What Happens Before Surgery
In the weeks before your procedure, expect a series of tests to confirm you’re healthy enough for anesthesia and recovery. These typically include blood work to check kidney function and general health, an ECG to evaluate your heart, lung function tests, and possibly a chest X-ray. Some hospitals send a questionnaire in advance asking about your medical history and current medications. Certain blood thinners and supplements will need to be stopped ahead of time, and your surgical team will give you specific instructions on when to stop eating and drinking before the procedure.
Recovery After Prostate Surgery
For robotic or laparoscopic prostatectomy, most people go home one to two days after the operation. You’ll leave the hospital with a urinary catheter in place because the reconnection point between your bladder and urethra needs time to heal. The standard duration for this catheter is about seven days, though some surgeons remove it as early as three to four days after surgery if healing looks good on imaging. Expect the catheter to feel uncomfortable but manageable.
Full recovery to your normal routine generally takes about four to six weeks. The first two weeks typically involve limited activity, no heavy lifting, and gradually increasing the distance you walk each day. Recovery from TURP and laser procedures is faster since no external incisions are made, with most people returning to normal activities within two to three weeks.
Urinary Control and Sexual Function
These are the two side effects that concern most men, and the numbers are more encouraging than many people expect. After radical prostatectomy for cancer, more than 95% of patients regain urinary continence within a few months. Leaking is common in the first weeks after the catheter comes out, and pelvic floor exercises (Kegels) before and after surgery can speed recovery.
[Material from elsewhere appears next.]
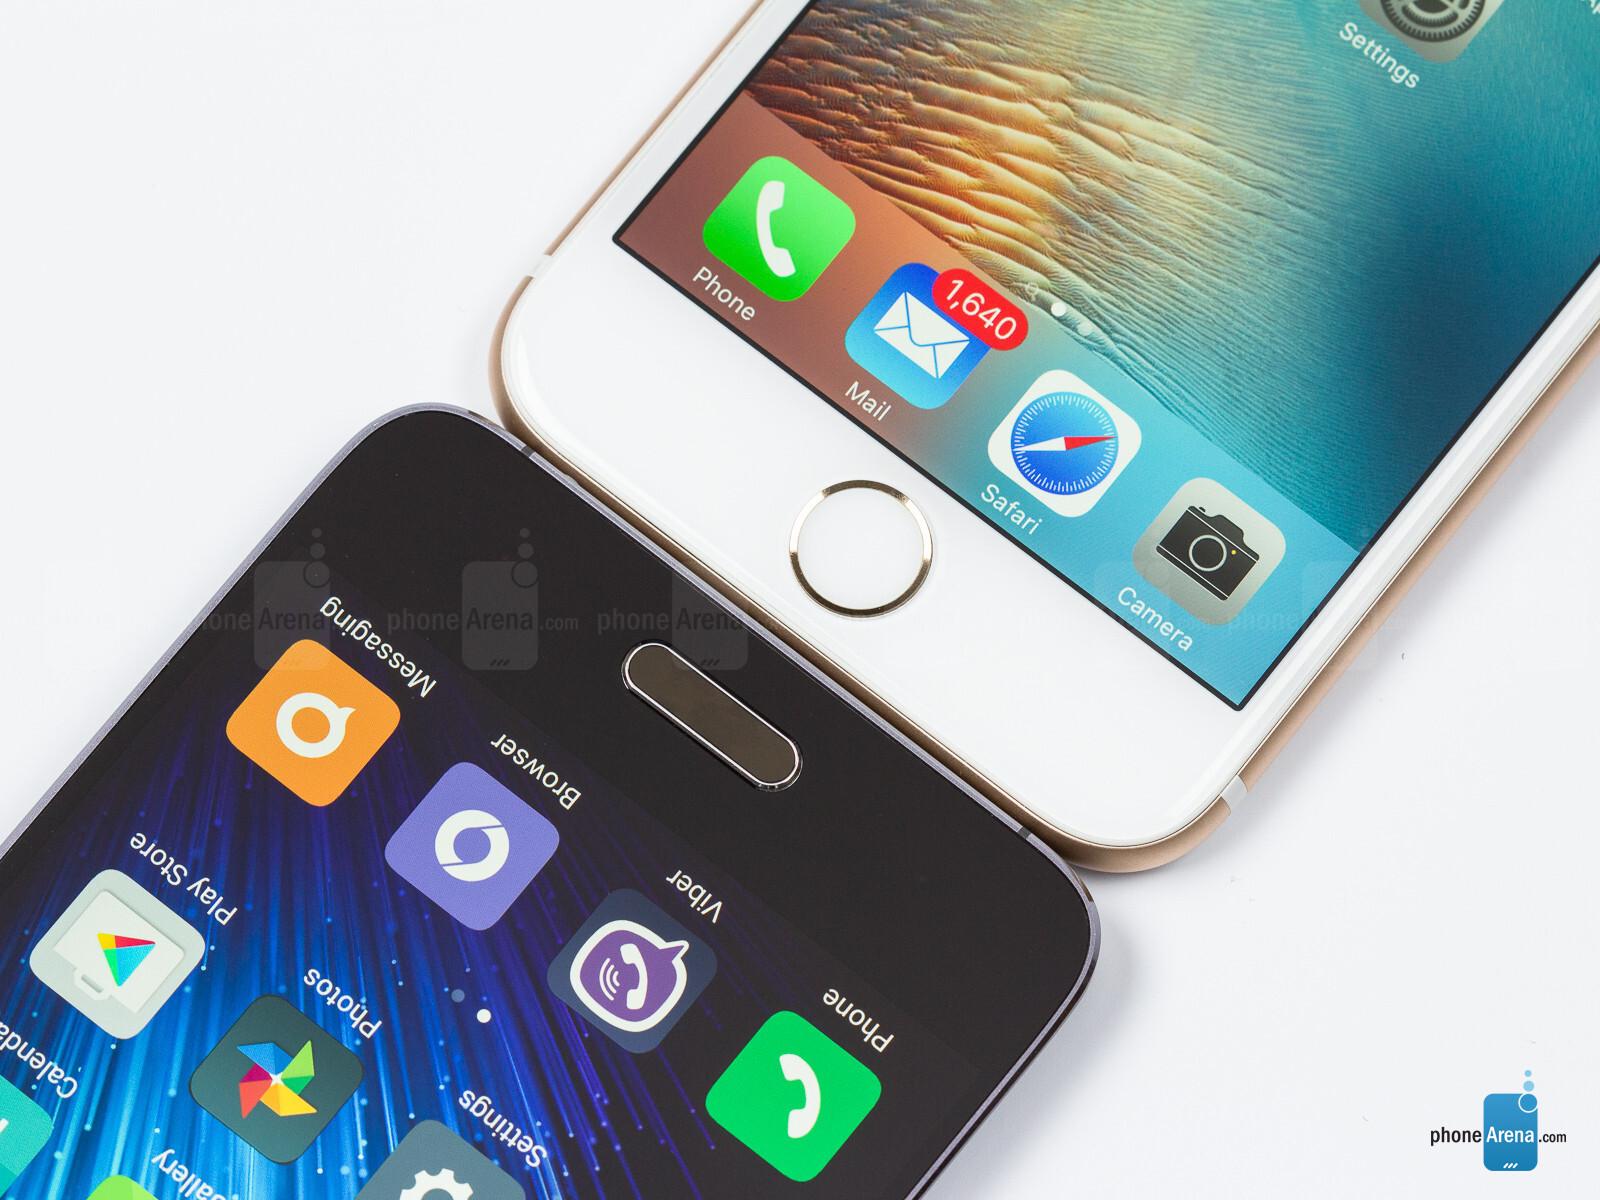 aab29aa07ab Xiaomi Mi 5 vs Apple iPhone 6s - PhoneArena

Erectile function takes longer to return and depends heavily on whether the nerves alongside the prostate were spared during surgery. Among men who had nerve-sparing procedures, about 40 to 50% return to their pre-surgery erectile function within one year, and 30 to 60% by two years. These ranges reflect the reality that age, pre-existing function, and the extent of nerve preservation all play a role. About 75% of men who undergo nerve-sparing surgery report achieving erections with the help of oral medications. Recovery of erections is a gradual process, and most specialists recommend starting medication early after surgery to promote blood flow and healing in the nerve tissue.
For TURP and laser procedures targeting an enlarged prostate, erectile dysfunction is much less common since the nerves aren’t typically disturbed. The more frequent side effect is retrograde ejaculation, where semen flows backward into the bladder during orgasm instead of exiting through the penis. This is harmless but permanent in most cases, and it’s worth understanding before you agree to the procedure.